Presentation on theme: "Ellis Island The Golden Door. Stop 1: Arrival New arrivals were taken by ferry to the main building at Ellis Island. Opened in 1892, the first immigrant."— Presentation transcript:
Ellis Island The Golden Door
Stop 1: Arrival New arrivals were taken by ferry to the main building at Ellis Island. Opened in 1892, the first immigrant to arrive was a 15-year-old girl from Ireland named Annie Moore to join her parents in New York City.
Not everyone arriving in New York had to go to Ellis Island. Immigrants in first- and second-class were processed aboard their ships soon after docking on the mainland. Onboard exams were shorter than those on the island, since inspectors were more accepting of anyone who could afford the higher fare.
Most of the immigrants who passed through Ellis Island were poor. They crammed by the thousands aboard steamships that took weeks to cross the Atlantic Ocean. Most spent all the money they had just to ride in third class — called steerage. Photo: Library of Congress
The single busiest day in Ellis Island history came on April 17, 1907, when 11,747 immigrants were processed for admission into the United States. Some of them had been waiting days just to get on to the island. Photo: National Park Service/US Dept. of Interior
After 1907, children under 16 had to be accompanied by their parents or else they would be sent back. Photo: National Park Service/US Dept. of Interior
On September 27, 1907, so many English and Irish young women arrived at Ellis Island aboard the steamship Baltic that the New York papers referred to them as the "1,000 Marriageable Girls." Many of them hoped to find work as domestic servants or shopkeepers. Photo: CORBIS
Stop 2: Baggage Claim Immigrants entered the main building through its ground floor baggage room. They left their trunks, suitcases and baskets here until they were finished.
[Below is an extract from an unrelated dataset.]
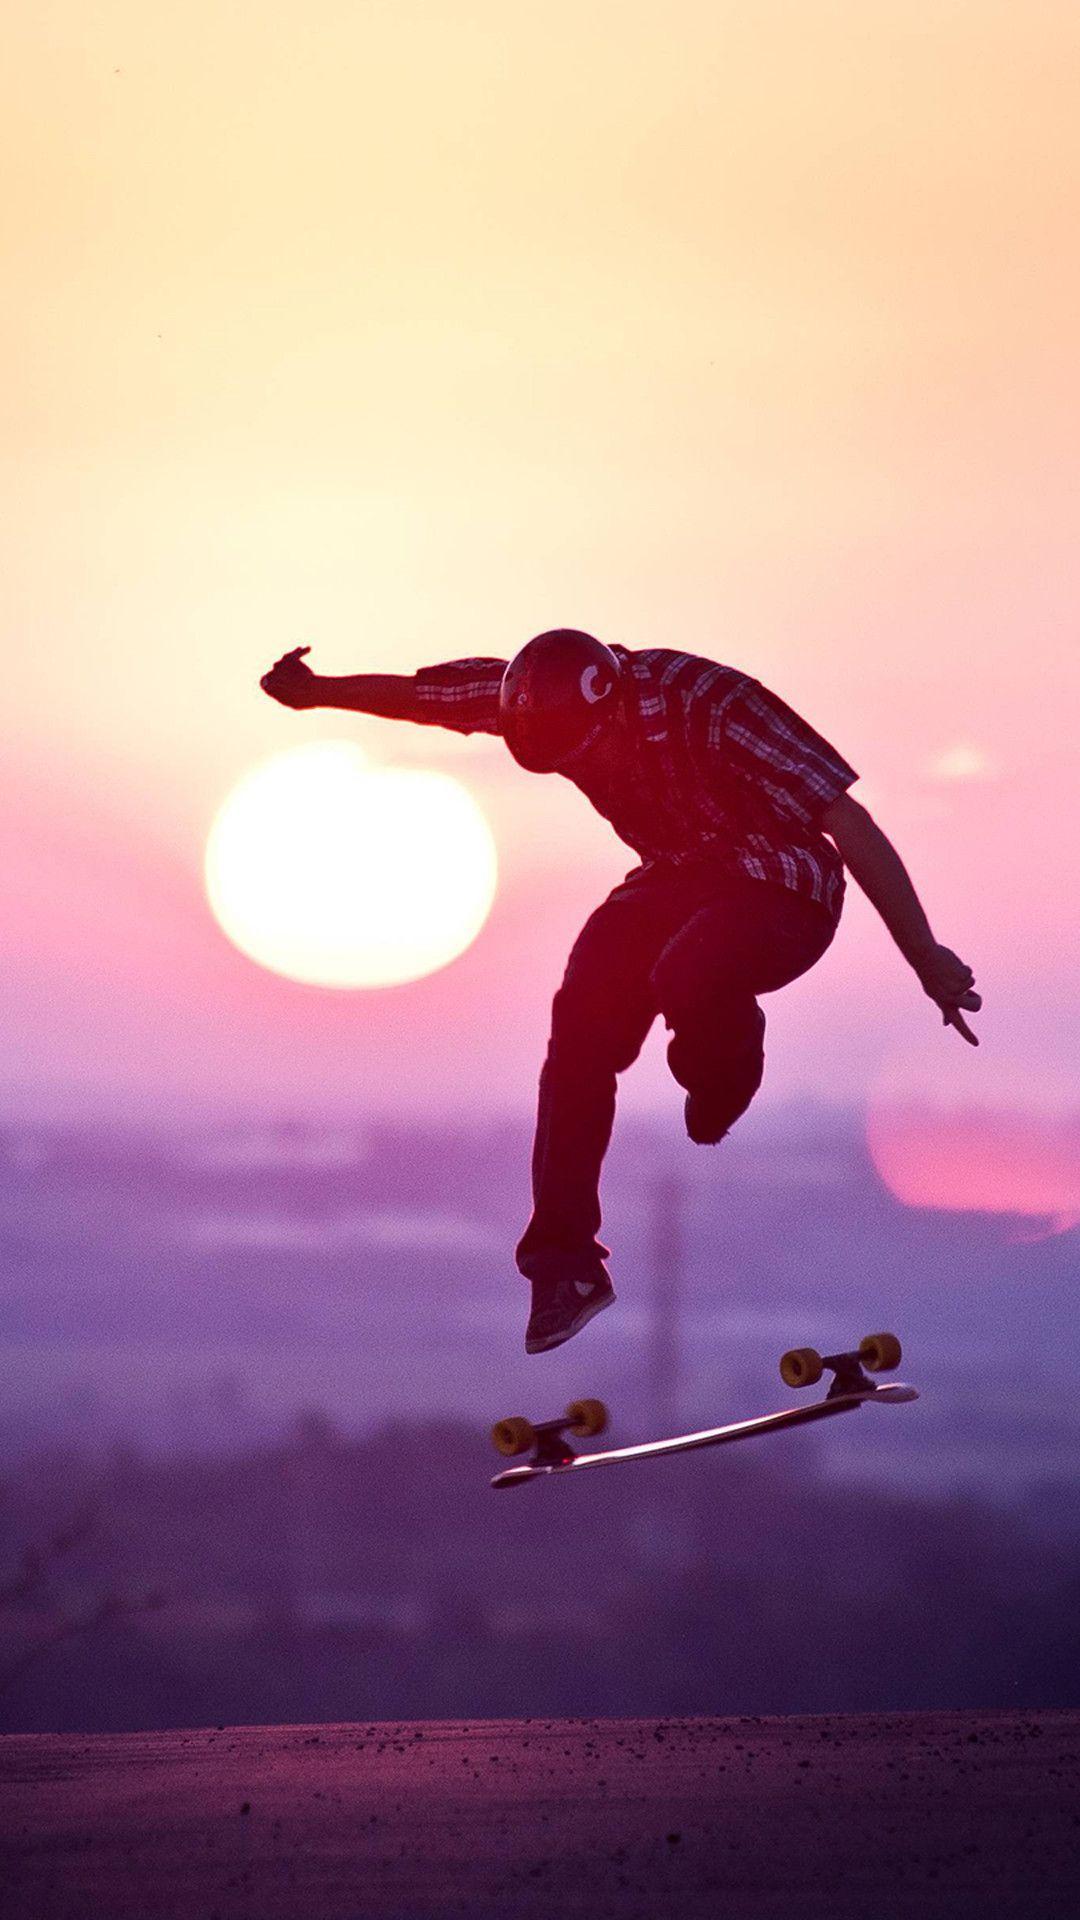 Skateboard iPhone Wallpapers   Top Skateboard iPhone 1080x1920

Immigrants with only a few belongings carried their things as they climbed the stairs to the Great Hall for medical and legal examinations.
Children were a common sight at Ellis Island. During its 62 years in operation, 355 babies were actually born on the island! Photo: Bettmann/CORBIS
More Italians entered through Ellis Island than any other group. Between 1892–1954, four million immigrants arrived from Italy. Photo: Library of Congress
In addition to Europeans, immigrants of African descent passed through Ellis Island. Coming mainly from the Caribbean and Cape Verde, 100,000 of them entered between 1900 and 1920 alone. Photo: CORBIS
Between 1921–1930, over 100,000 families from Czechoslovakia came through Ellis Island, up from just 3,500 a decade before. Photo: Bettmann/CORBIS
Stop 3:Stairway to the Great Hall The first test the immigrants had to pass became known as the "six second medical exam." As the immigrants climbed the stairs to the Great Hall, doctors stood at the top and watched. They were looking for anyone having difficulty coming up the steps. If a medical problem or disability was suspected, one of seventeen different chalk marks was put on the person's clothing. They were then sent for a full physical examination. If they weren't marked, they went on to wait in the Great Hall.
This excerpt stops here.